In Japanese folklore an Onibaba is an old woman who have turned into an Oni, which is an ugly ogre-like creature with horns, remniscent of the mask Kichi's wife puts on. Onibaba is a weird mixture of genres. It's part folklore inspired period drama, part horror, but probably also part Noh theatre where the mask is from, and where Kichi's mother's character is taken from. But the movie being this mixture of genres is hardly something you notice while watching it because it manages to make everything that happens seem completely natural within that world. Despite the movie itself not being very naturalistic. The environment they live in with the reed forest covering the land as far as the eyes can see, seem to me to be almost otehr worldly, not a place fit for human habitation. The way Kichi's wife runs like a frenzied hound towards her lover in the night, is not exactly a piece of naturalistic acting, and this is probably another place where the theatre inspiration comes through, as this seems more like something you'd see on the stage, rather than on the screen. I haven't thought this completely through, but you could probably make a good argument that the film should be interpreted like a stage play, rather than a film, since in terms of acting and storytelling, it has more in common with stage plays than it does most films.The premise of two women hunting stray samurai among the reeds, and dumping their bodies into a seemingly bottomless pit (a pit which despite being right next to a river, is not filled up with groundwater, how convenient) is hardly a story from the realist movement, but the movie sells it completely and I bought into it from the start. That's the great thing about film really, if you do it right, you can make people buy into anything, and Shindo has done a great job as a director here.
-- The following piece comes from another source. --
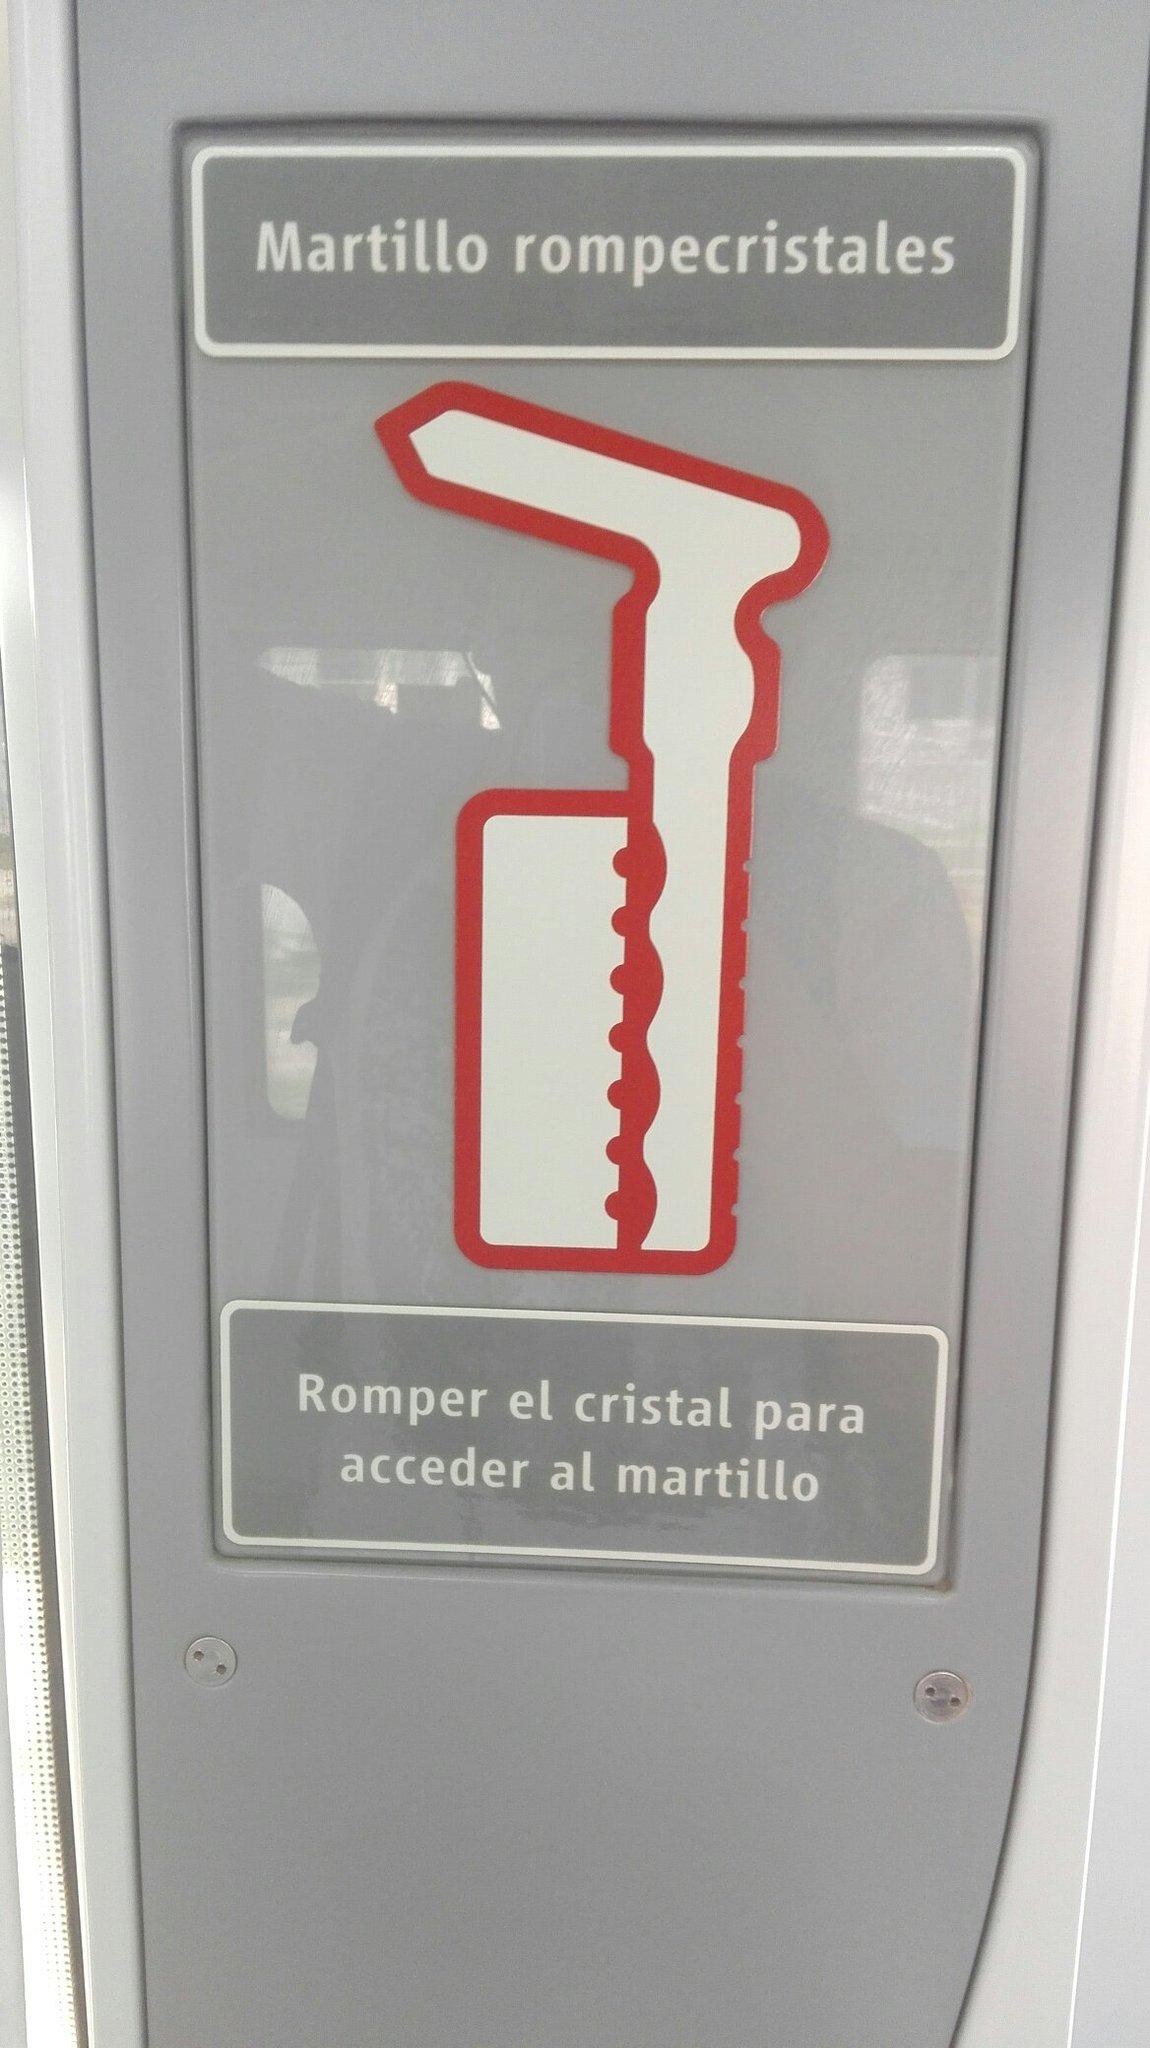 Gobierno de chile - meme

It's clear he has a complete overarching plan for what this movie was supposed to be, and he achieves it and it shines through in every scene.
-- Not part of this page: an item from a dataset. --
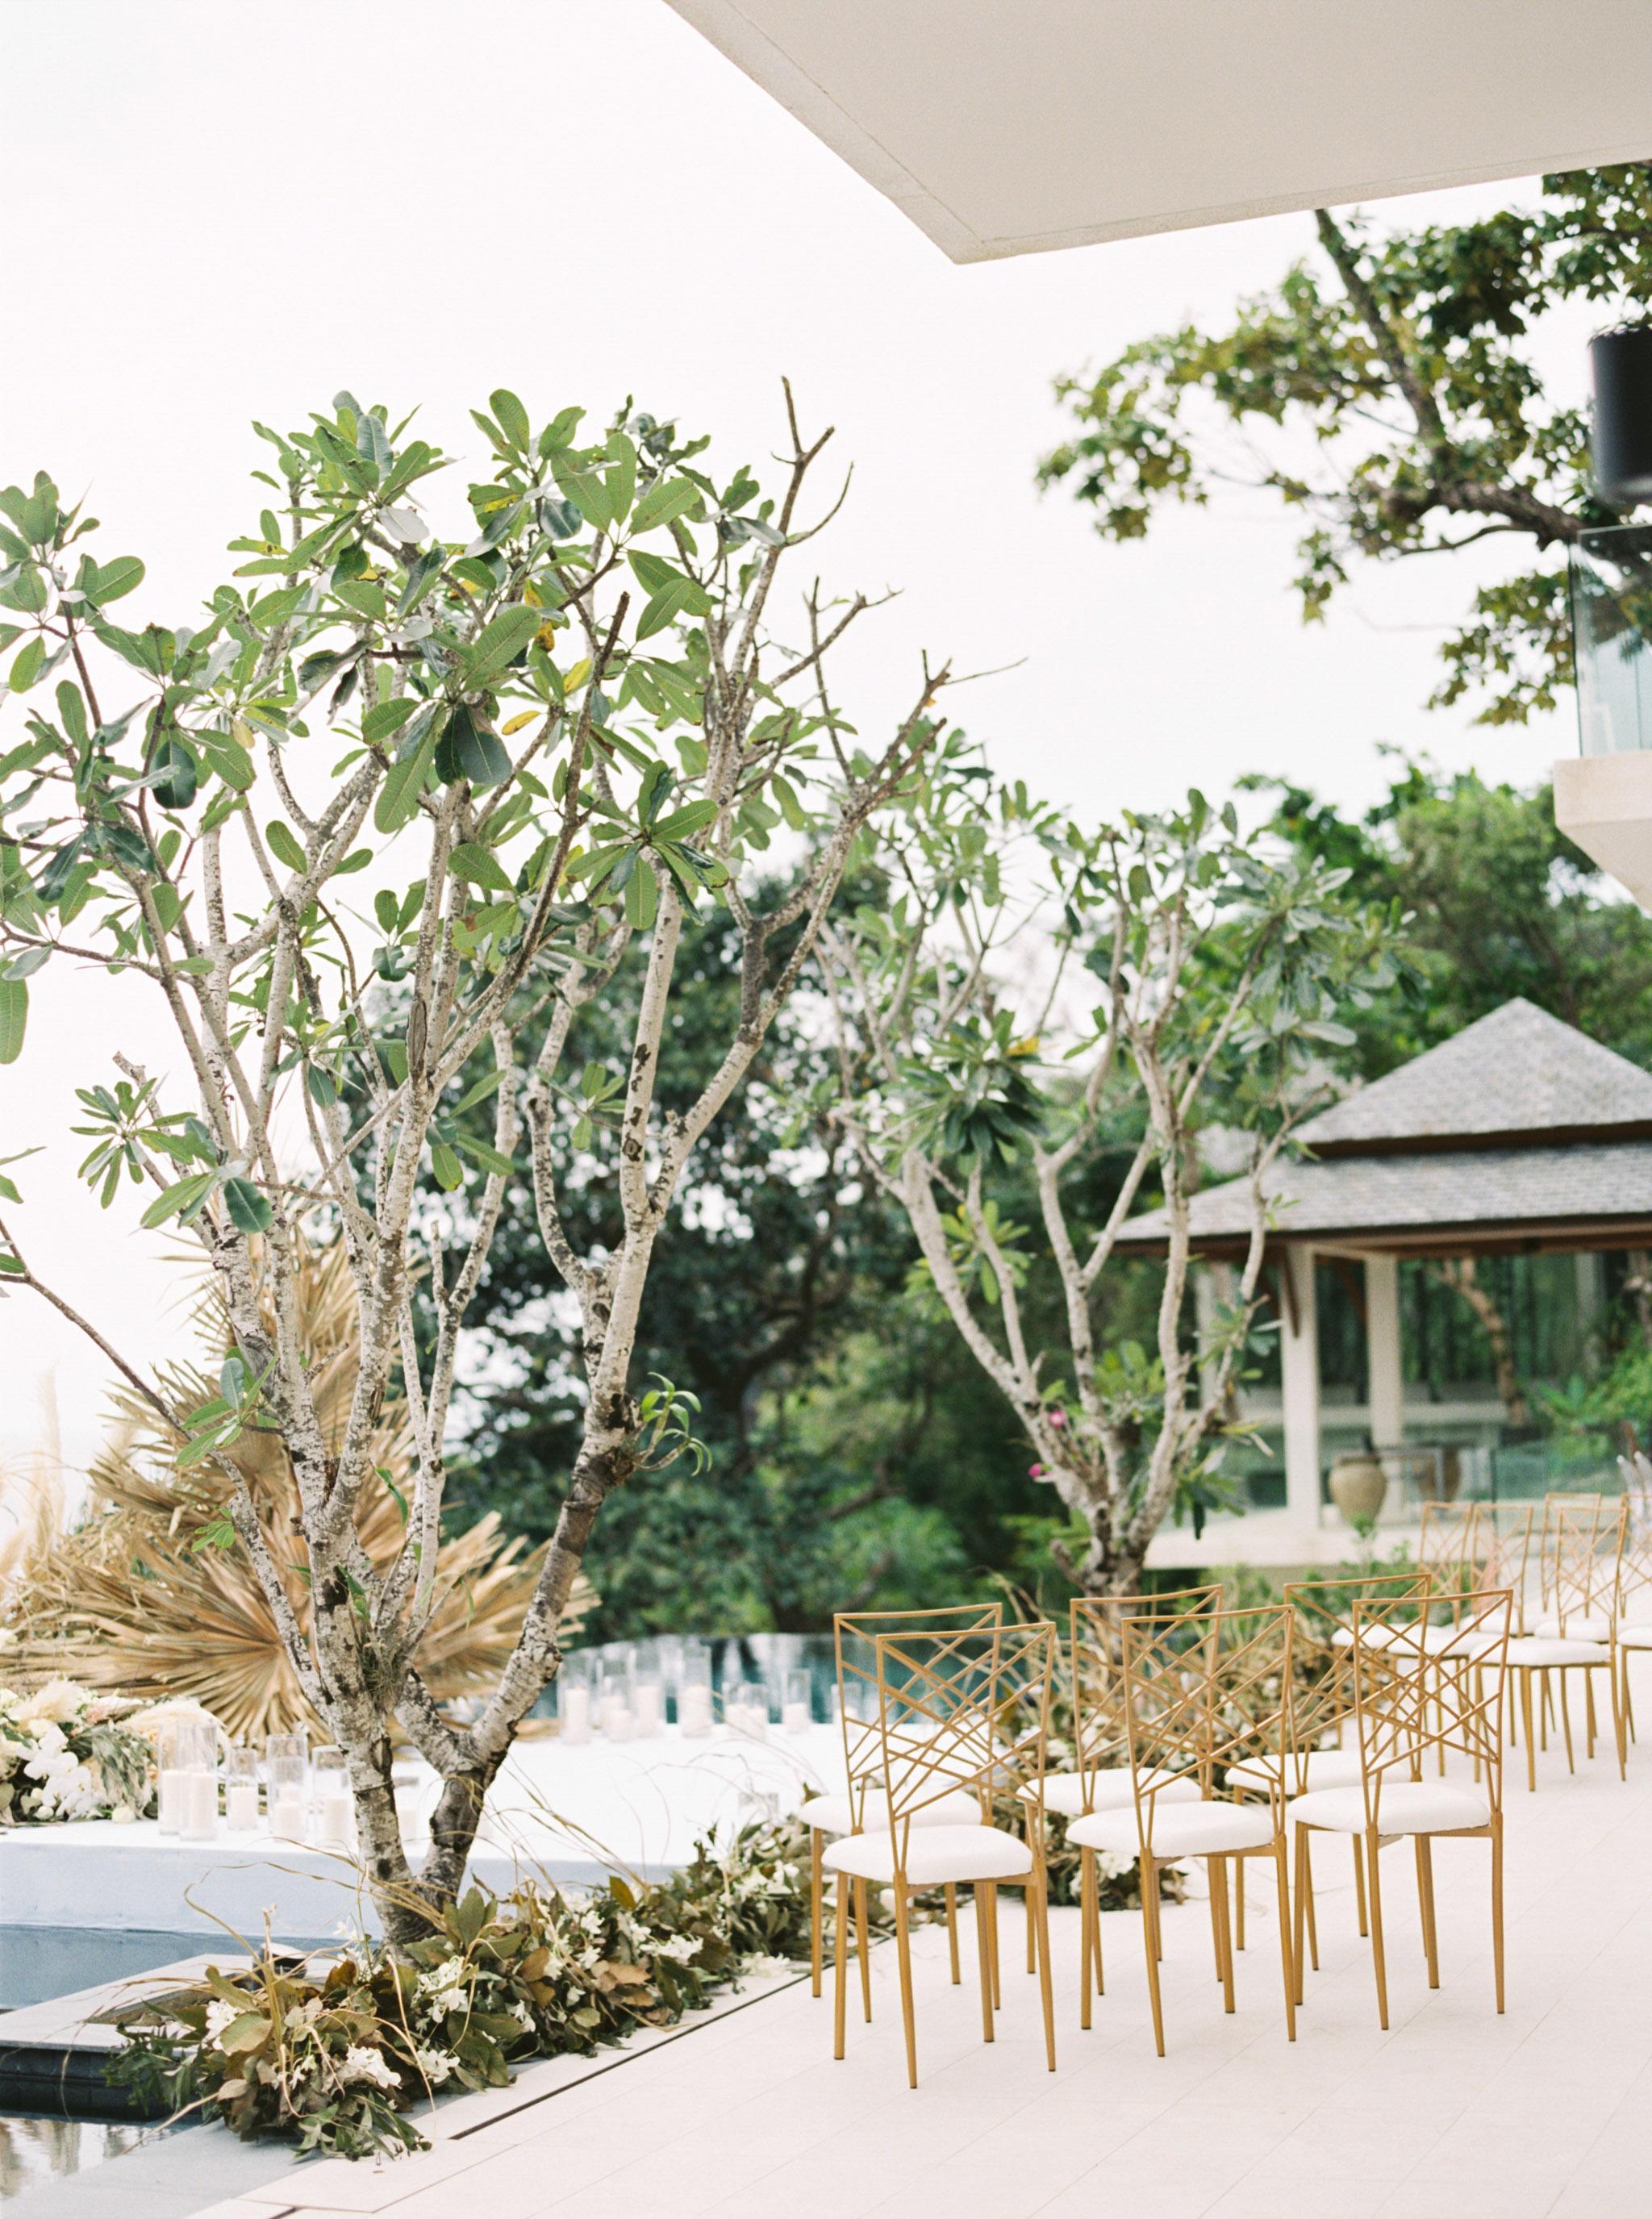 Destination Wedding at The Aquila Luxury Villas in Phuket Thailand Fine Art Film Wedding Photographer Sheri McMahon-00004-4.jpg

Despite the possible argument that this film is more stage play than film, the cinematography does not disappoint. It's beautiful black and white, with some Ozu inspirations as well in the scenes inside the hut. Where the camera is placed stationary low on the ground, and in some scenes Shindo also uses Ozu's trick of exagerating the distance between characters depth wise to create a greater sense of space in the little hut, but also to emphasize character relations at that moment. I particularly like the night shots out in the reeds. Again the lighting is more stage like than naturalistic with the reeds brightly lit up by a sharp light near the characters, but with complete darkness around. It's beautiful and eerie, and most important of all, perfect for the film.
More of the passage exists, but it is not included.